New Manufacturing Agreement


* Crucell and DSM Biologics, a business unit of DSM Pharmaceutical Products signed a Biopharmaceutical Manufacturing Agreement for production on the basis of the PER.C6® manufacturing platform of Crucell's proprietary antibody cocktail, which Crucell is developing against rabies. Under the terms of the agreement, Crucell has contracted DSM Biologics, its alliance partner for the PER.C6® manufacturing platform, for the process validation and manufacturing of antibody batches for Phase III clinical efficacy studies. The services will be provided out of DSM Biologics' FDA-approved manufacturing facility in Groningen, The Netherlands.



Licensing Agreements


* Crucell and DSM Biologics announced a non-exclusive PER.C6® research licensing agreement with Moscow, Russia-based Masterclone. Masterclone will use Crucell's technology to develop an undisclosed antibody. No financial details were disclosed.

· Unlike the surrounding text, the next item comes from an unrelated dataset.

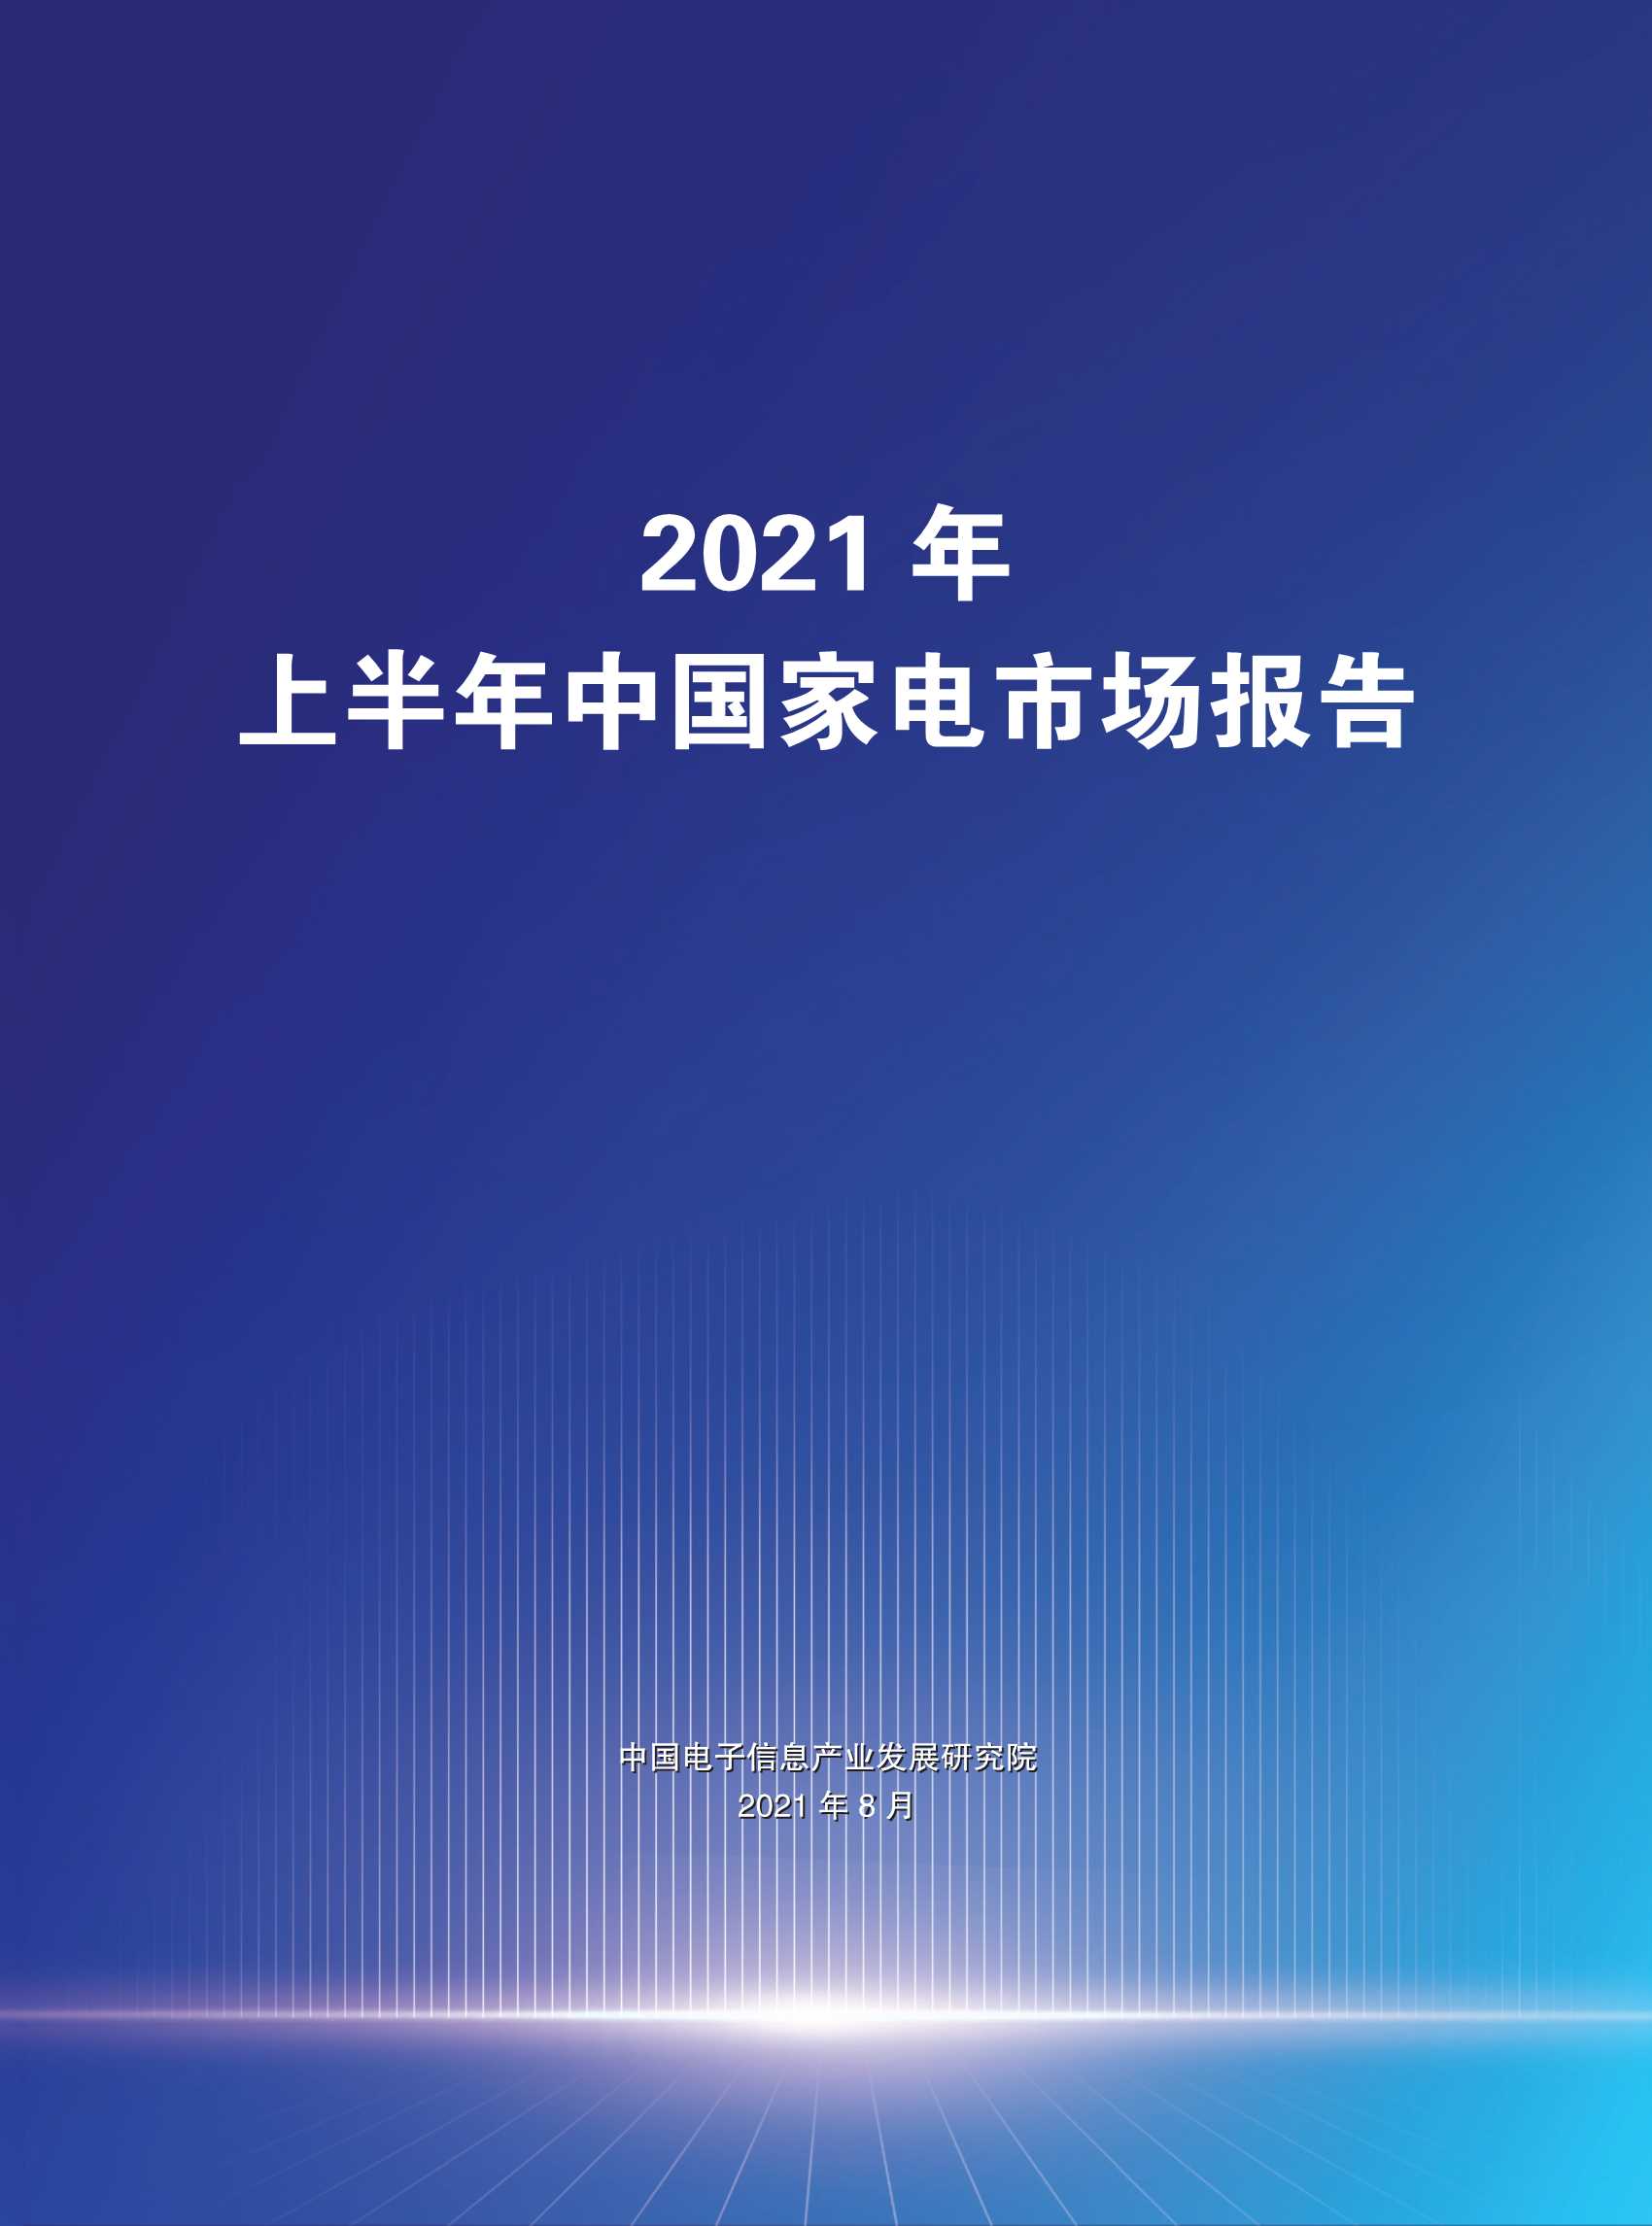 赛迪-2021年上半年中国家电市场报告-2021.08-34页

* Crucell and DSM Biologics announced a non-exclusive PER.C6® research licensing agreement with LFB Biotechnologies. LFB Biotechnologies will use Crucell's technology to develop undisclosed antibodies. No financial details were disclosed. During the research license period, Crucell and LFB Biotechnologies will also evaluate a joint collaboration in the field of enhancing sugar structures, described as glycosylation patterns, on recombinant antibodies using LFB's in-house development technology.

* Crucell announced that it has entered into a co-exclusive PER.C6® and Advac® technology license agreement with Wyeth Pharmaceuticals, a division of Wyeth (NYSE: WYE). Under the terms of the agreement, Crucell will receive an upfront payment, milestone payments, annual maintenance fees, and royalties on net product sales. Other financial details were not disclosed.

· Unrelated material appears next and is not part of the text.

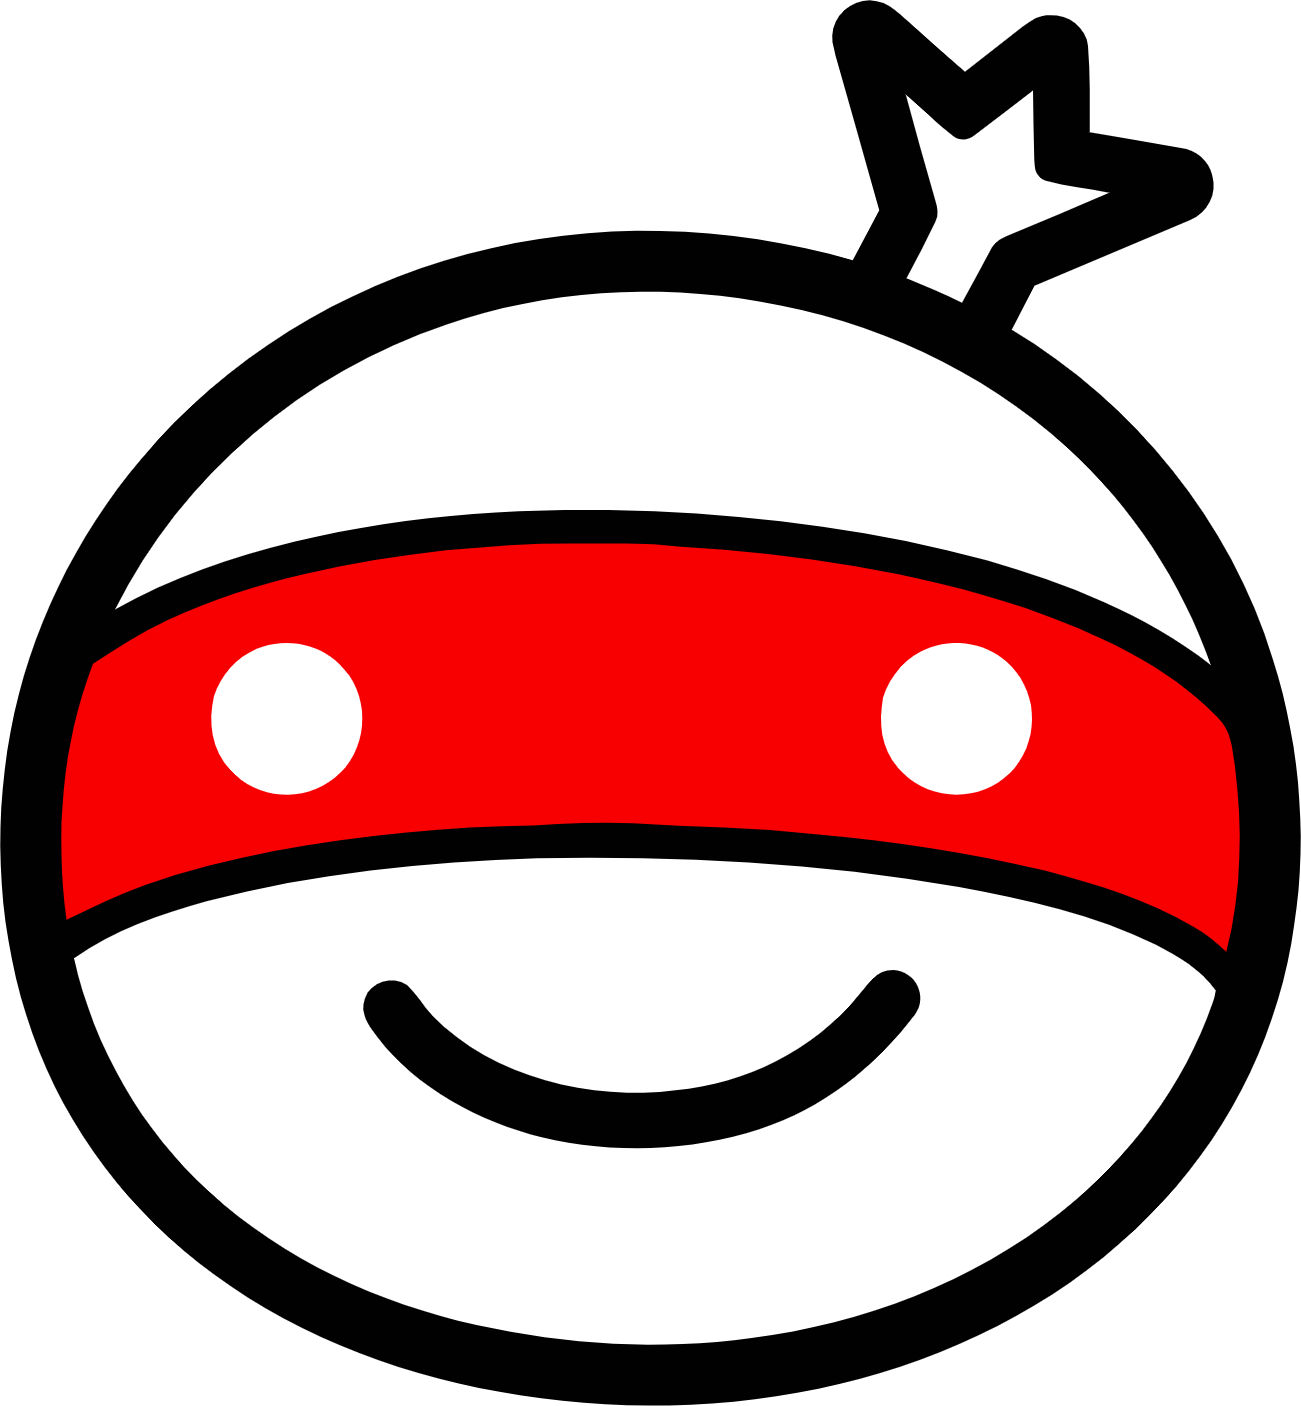 Monotaro logo (transparent PNG)

* Crucell announced a non-exclusive STAR® research license agreement with Invitrogen Corporation's PD-Direct™ Bioprocess Services. The license with Carlsbad, California based Invitrogen covers the production of monoclonal antibodies. No financial details were disclosed.

* Crucell announced that Merck & Co., Inc. has exercised an option for the exclusive use of Crucell's PER.C6® technology and an option for access to Crucell's AdVac® vaccine technology in two infectious disease areas. This agreement further broadens the number of disease areas in which our technologies are used. Under the terms of the agreement, Crucell acquires rights to certain cell-line technologies developed by Merck for the manufacture of recombinant proteins. The option and the related rights to certain technologies developed by Merck originate from the cross-license agreement executed in December 2006 between Crucell and Merck. Specifics concerning the infectious disease indications and financial details remain undisclosed.

Appointments


* Dr. Cees de Jong was appointed Chief Operating Officer and serves as a member of Crucell's Management Committee. Prior to joining Crucell, Dr. de Jong was Group Vice President in charge of the Flavours Division at Quest International in the Netherlands. He was a member of Quest International's Management Board.


Patents


* One STAR® patent (STAR67, used in STAR constructs) granted in Europe.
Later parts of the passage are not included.